Activity:
Omit the images, then repeat the listing exactly.
*** Dataset excerpt ***
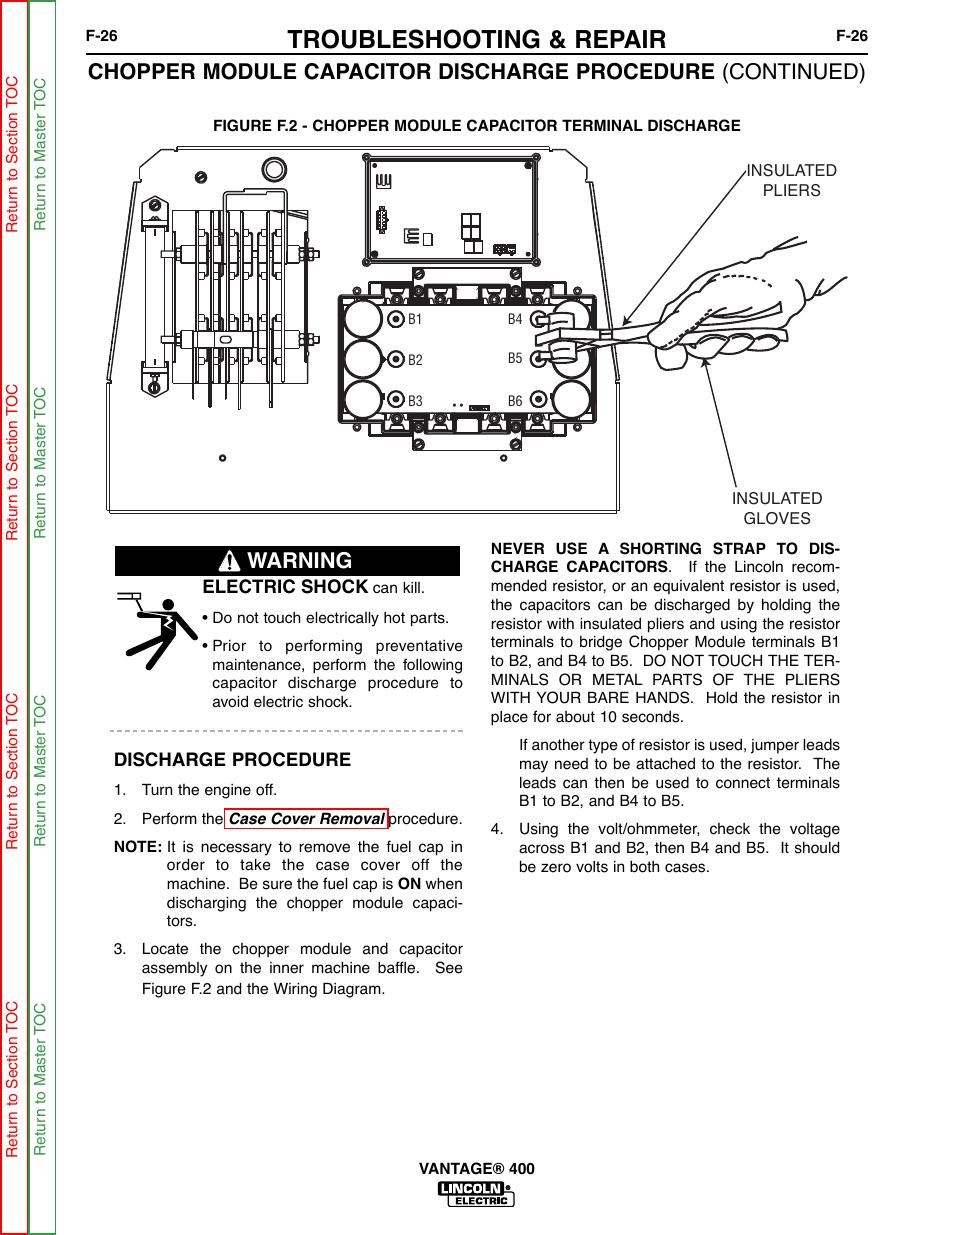 lincoln vantage 400 wiring diagram wiring diagram Unicell Wiring Diagram lincoln vantage 400 wiring diagram
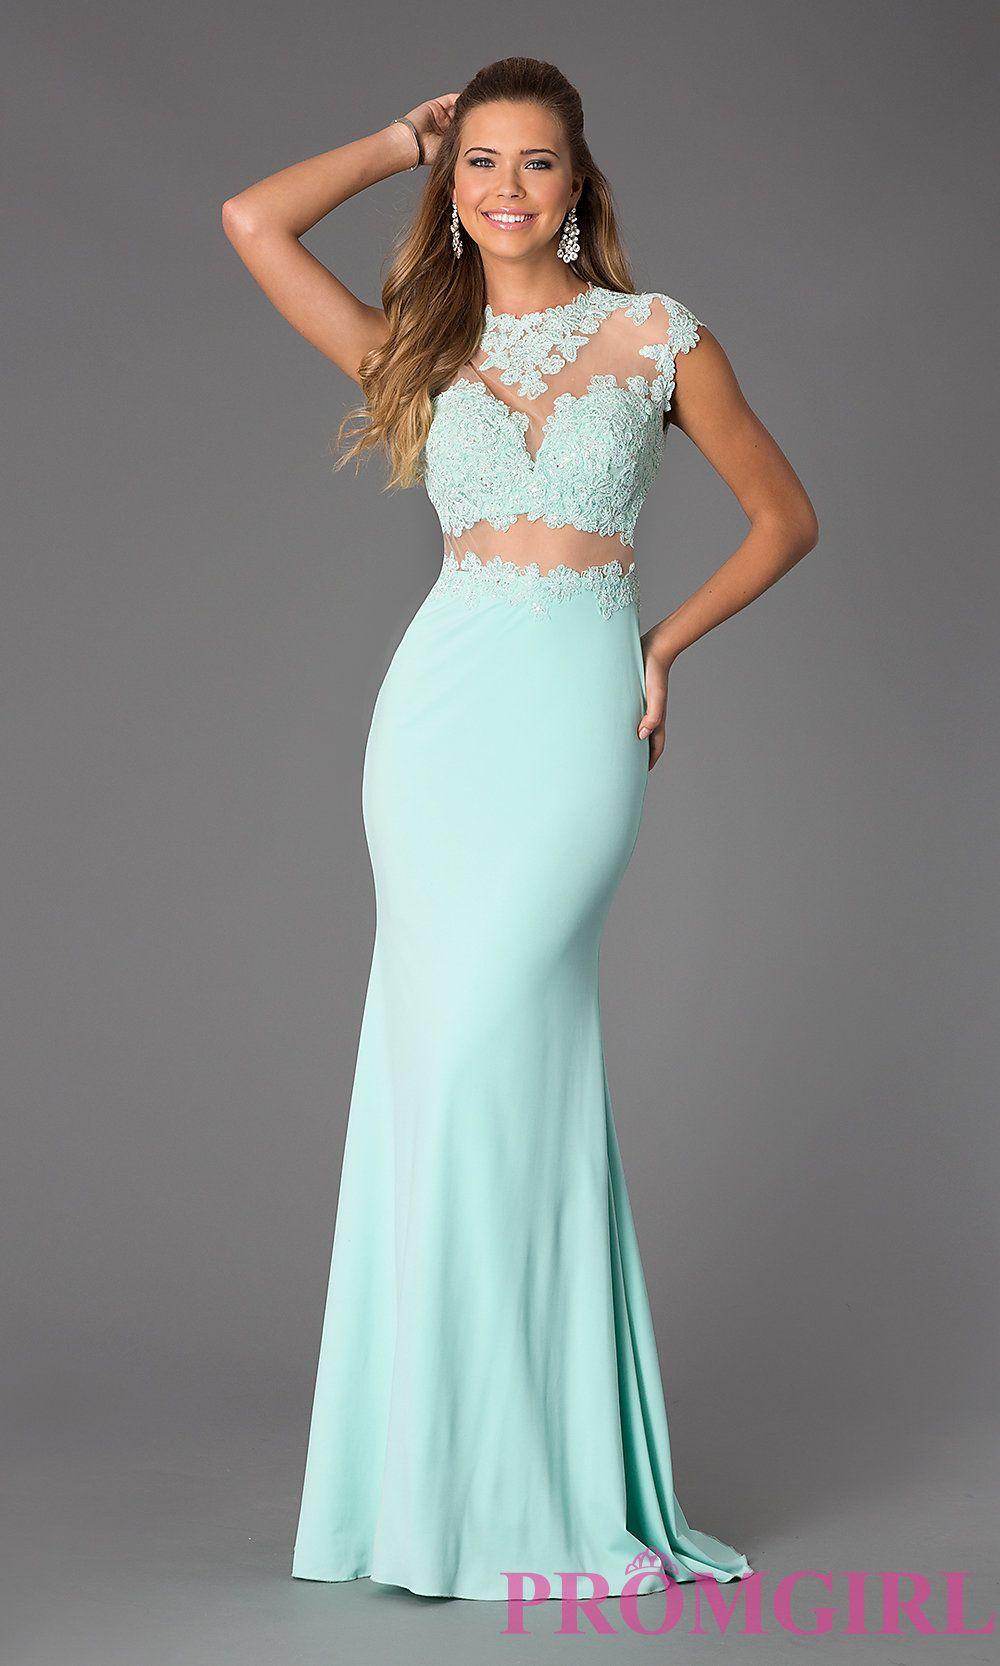 JVN by Jovani Prom Dresses 2015 Jovani Prom Dresses 3914d7495
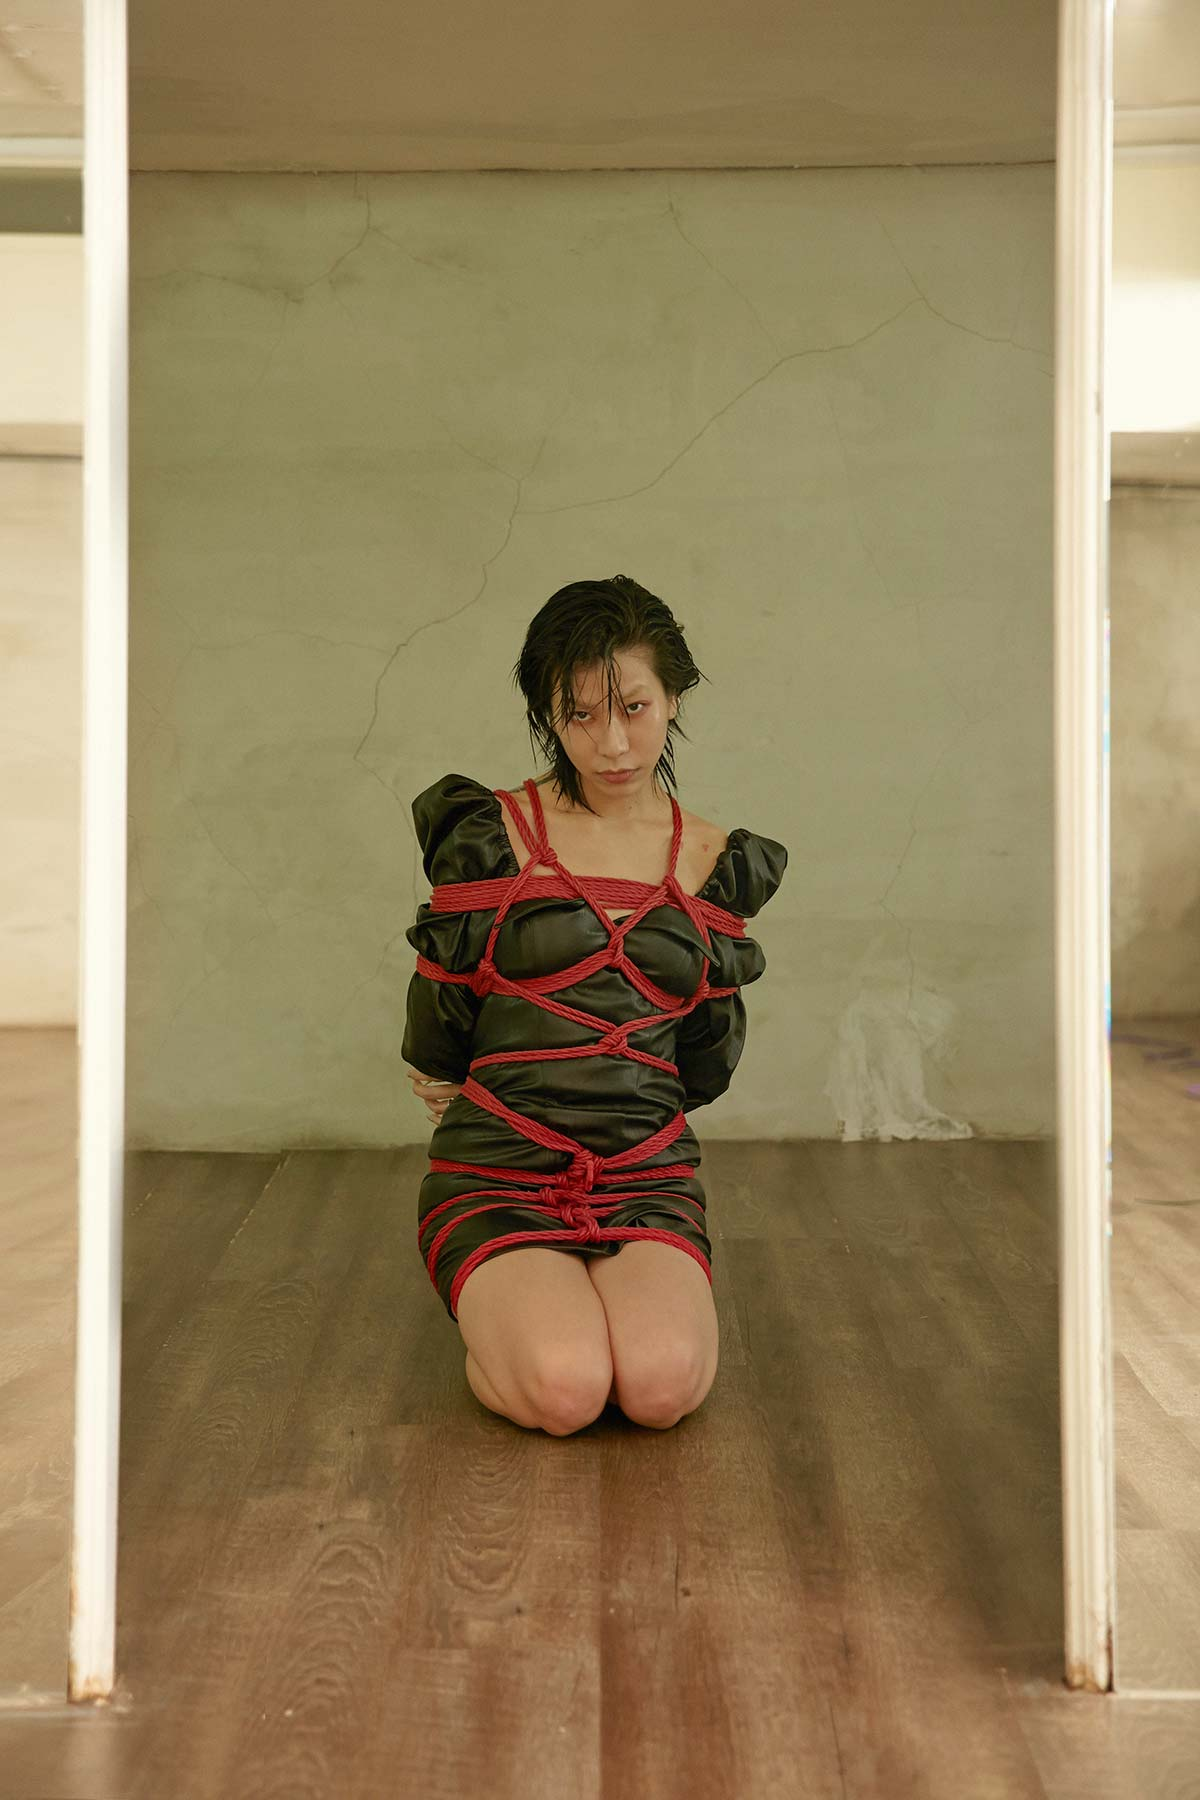 jenn lee, shibari ties, shibari knots, shibari design, fashion designer, taiwan designer, dennis fei
*** End of Dataset excerpt ***
Task output:
 lincoln vantage 400 wiring diagram wiring diagram Unicell Wiring Diagram lincoln vantage 400 wiring diagram
 JVN by Jovani Prom Dresses 2015 Jovani Prom Dresses 3914d7495
 jenn lee, shibari ties, shibari knots, shibari design, fashion designer, taiwan designer, dennis fei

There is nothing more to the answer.